I ended up with a hobby breeder whose dogs are in her house. One litter at a time. The pups had an outdoor x-pen area shaded by trees. The indoor whelping box was very clean, as was the outdoor area. I couldn't be happier with my beautiful pet golden whom I'm convinced is really part angel!


----------



## Griffyn'sMom (Mar 22, 2007)

I prefer the hobby breeder scenario - in fact Griff came from the same breeder as Sunny. While she is not a computer person - everytime I've emailed her she has gotten back to me within the week. If I had the need to call her I have no doubt that she would call me back right away. She doesn't over breed her dogs and she's content to have 1 litter a year and enjoys them 

Sunny's Mama is retired and I'm pretty sure Griff's Mama is too. She did keep one female from the repeat breeding. (Same Sire/Dam as Griffs)


----------



## AmbikaGR (Dec 31, 2007)

chesneygirl007 said:


> I called a breeder up in Northern NJ and he wanted $3500 for the dog. Its was an English Litter.


WOW!! Sorry but unless this is breeding of a VERY special boy from VERY limited frozen semen there is no way anyone could justify this price in my eyes. And I don't care what the "market" will bear. This is just plain greed taking advantage of a very uneducated public.


----------



## paula bedard (Feb 5, 2008)

this is all very interesting. My breeder is in Maryland and the pups are $1500. We were supplied with all information and clearances of both parents and the grandparents. Hips, elbows, eyes, heart, thyroid. I liked the conditions at the Kennel and the open door policy with the Breeder. We were invited to visit the litter as often as possible to get to know the pups and parents. They had a PuppyCam set up too, so we could see the pups online. All this made us very comfortable with our choice.


----------



## Sunny Delight (Mar 10, 2007)

paula bedard said:


> this is all very interesting. My breeder is in Maryland and the pups are $1500. We were supplied with all information and clearances of both parents and the grandparents. Hips, elbows, eyes, heart, thyroid. I liked the conditions at the Kennel and the open door policy with the Breeder. We were invited to visit the litter as often as possible to get to know the pups and parents. They had a PuppyCam set up too, so we could see the pups online. All this made us very comfortable with our choice.
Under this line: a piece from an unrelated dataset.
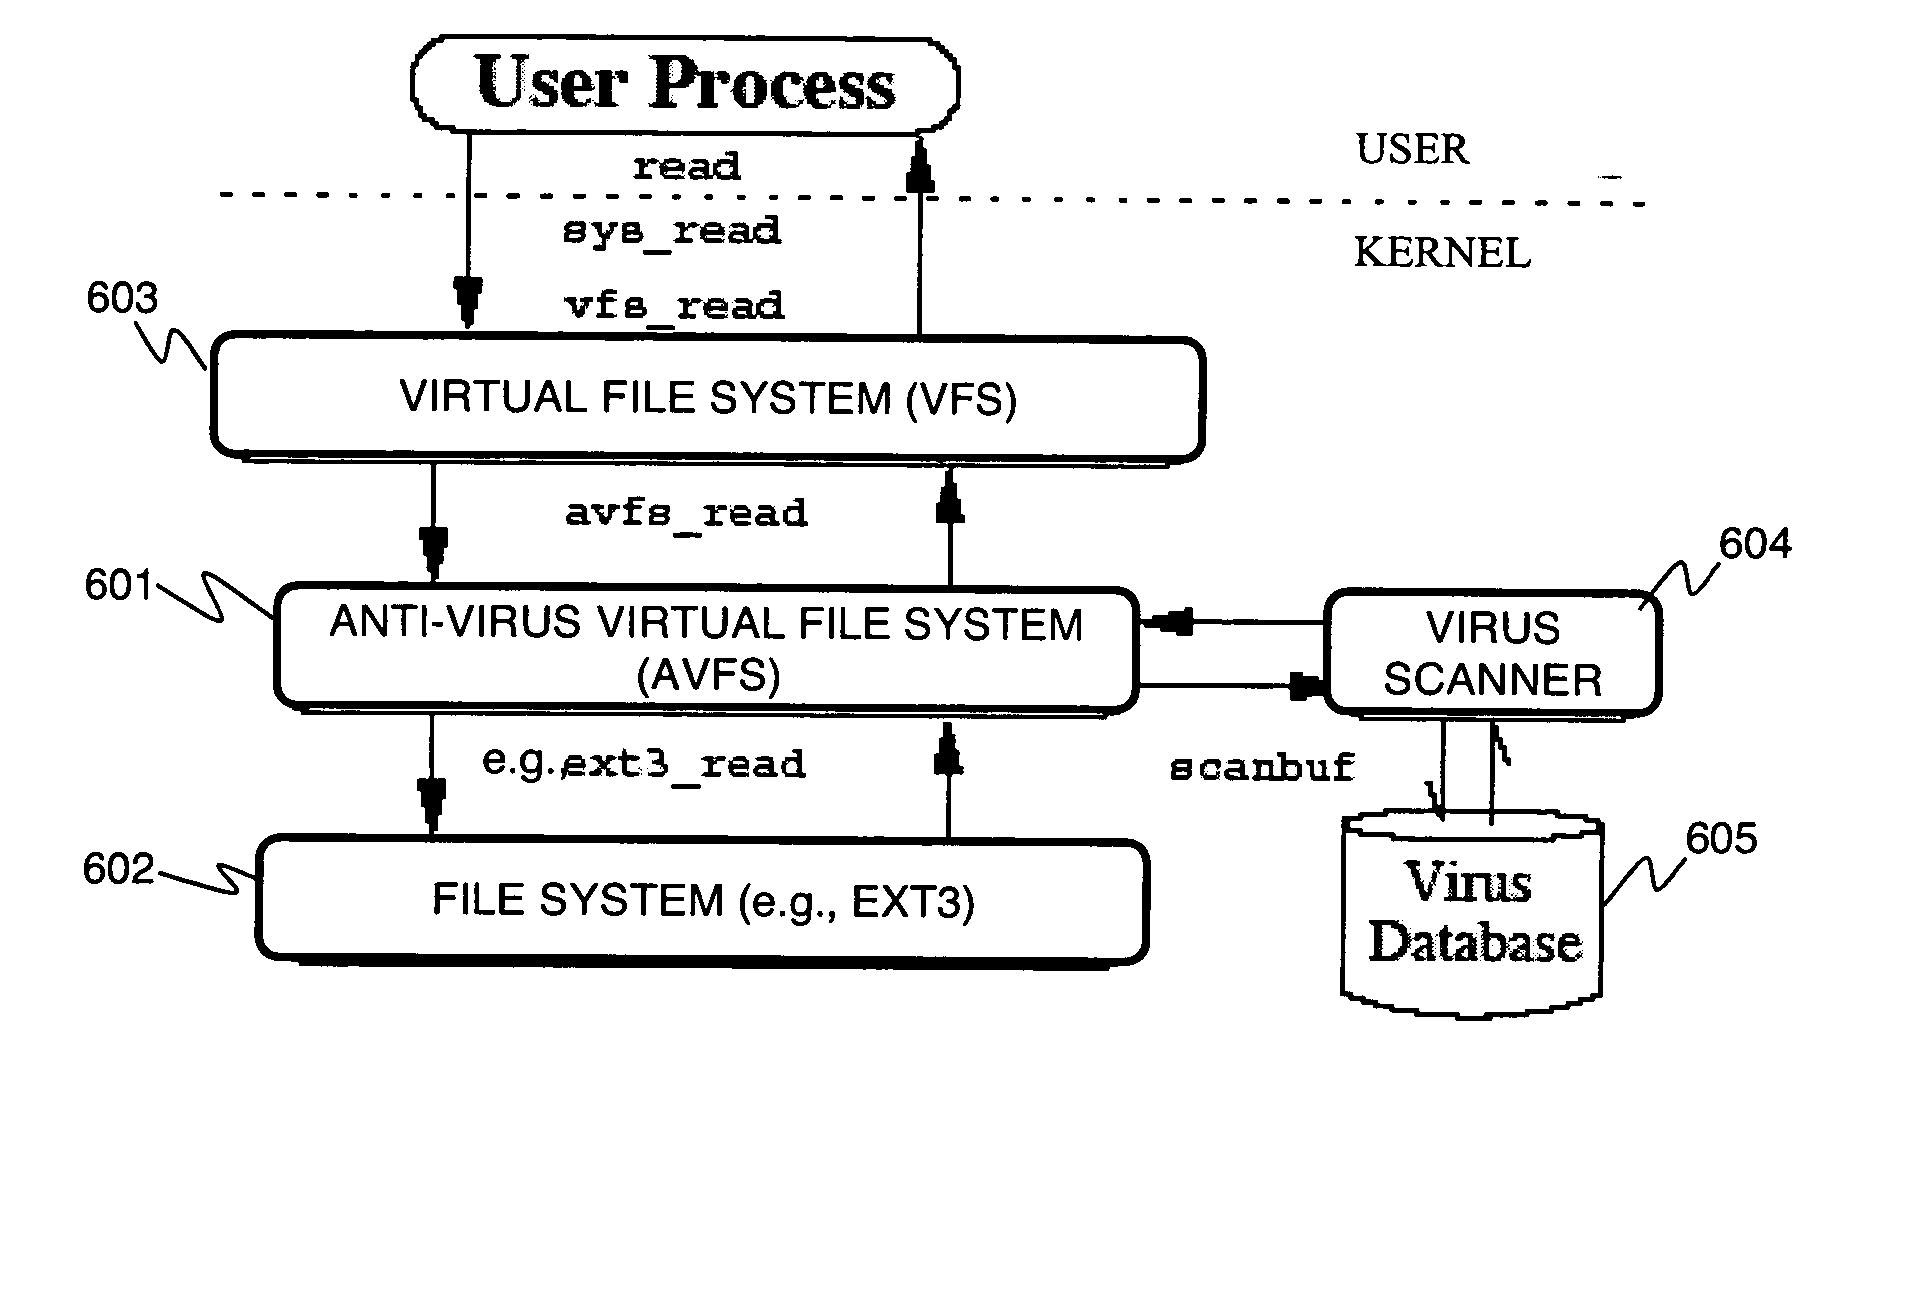 Stackable file systems and methods thereof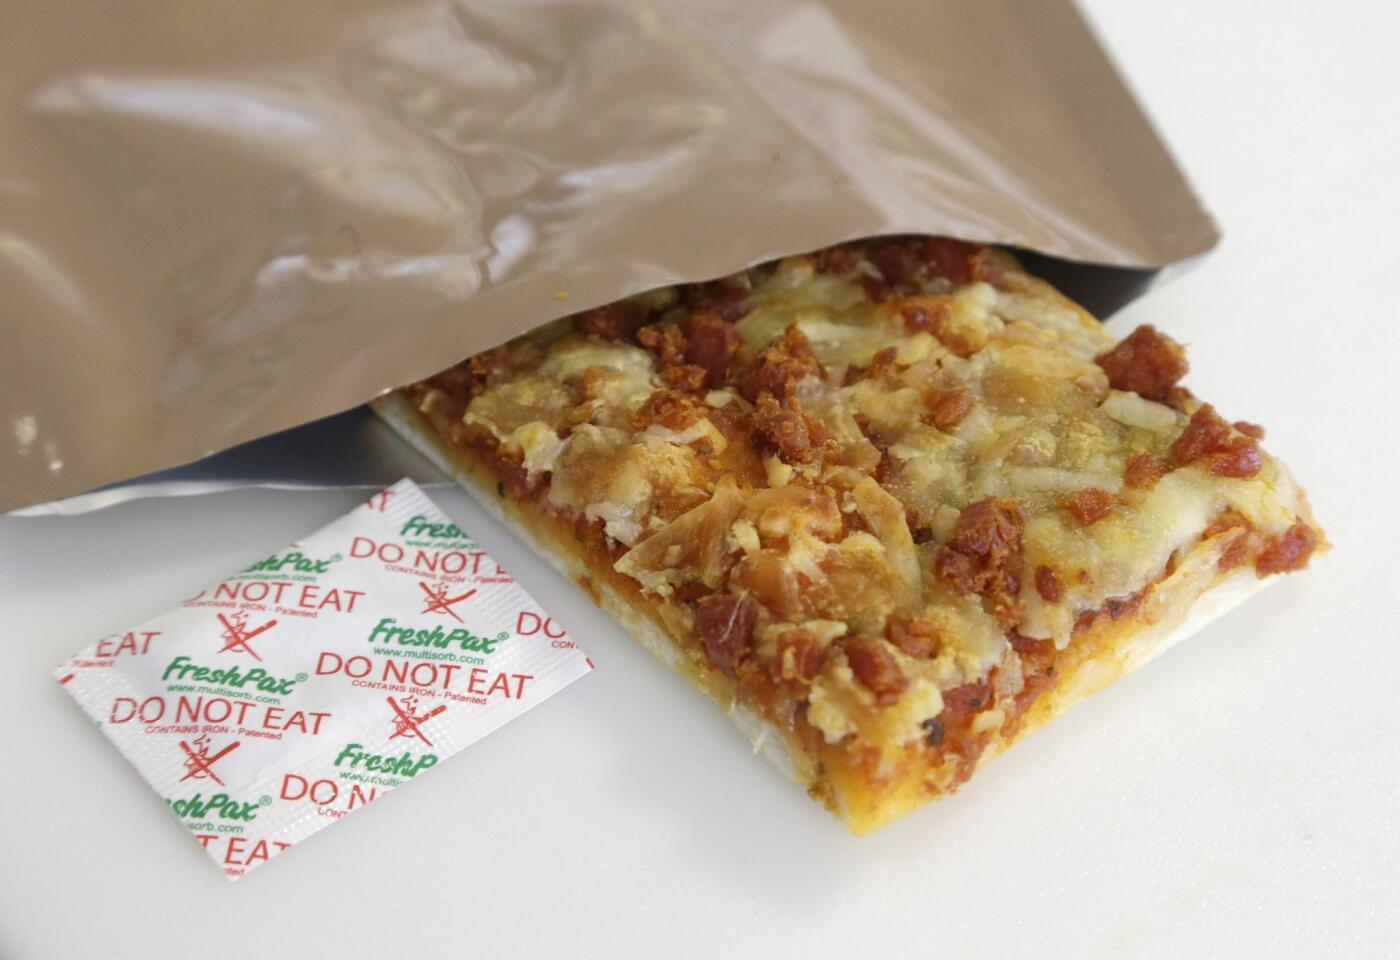 A slice of prototype pizza, in development to be used in military MREs (meals ready to eat), is shown in its packet with a smaller, freshness-keeping packet known as an oxygen scavenger. The pizza is being developed at the U.S. Army Natick Soldier Research, Development and Engineering Center in Natick, Mass.

A puppycam sounds cool! But I'm afraid I would be sitting in front of the computer 24/7 until the pup came home with me!


----------



## paula bedard (Feb 5, 2008)

Sunny Delight said:


> A puppycam sounds cool! But I'm afraid I would be sitting in front of the computer 24/7 until the pup came home with me!


ummmm excuse me, but I think we are already!!


----------



## Sunny Delight (Mar 10, 2007)

paula bedard said:


> ummmm excuse me, but I think we are already!!


I was gonna say something like that in my post, but decided that even with my current addiction, I am still not here as often as I would be if I were watching a litter of adorable goldens growing up!


----------



## lgnutah (Feb 26, 2007)

AmbikaGR said:


> This is just plain greed taking advantage of a very uneducated public.


Greed. 
Isn't that what was behind the huge run up in housing prices we saw in the past 15 years?


----------



## Murphy1029 (Jan 8, 2008)

chesneygirl007 said:


> I called a breeder up in Northern NJ and he wanted $3500 for the dog. Its was an English Litter. I also know of someone in the ocean count area that charges $2000 for her english litter and sometimes more if the puppy is a little older.
> 
> Kim
> NJ


I think I called the same breeder-Besides the price he wasn't very pleasant when I spoke with him.


----------



## Coffee'sDad (Mar 10, 2008)

chesneygirl007 said:


> I called a breeder up in Northern NJ and he wanted $3500 for the dog....


I called room 871 at the Mayflower Hotel in Washington, D.C..... the guy wanted up to $5,500!!!!!


----------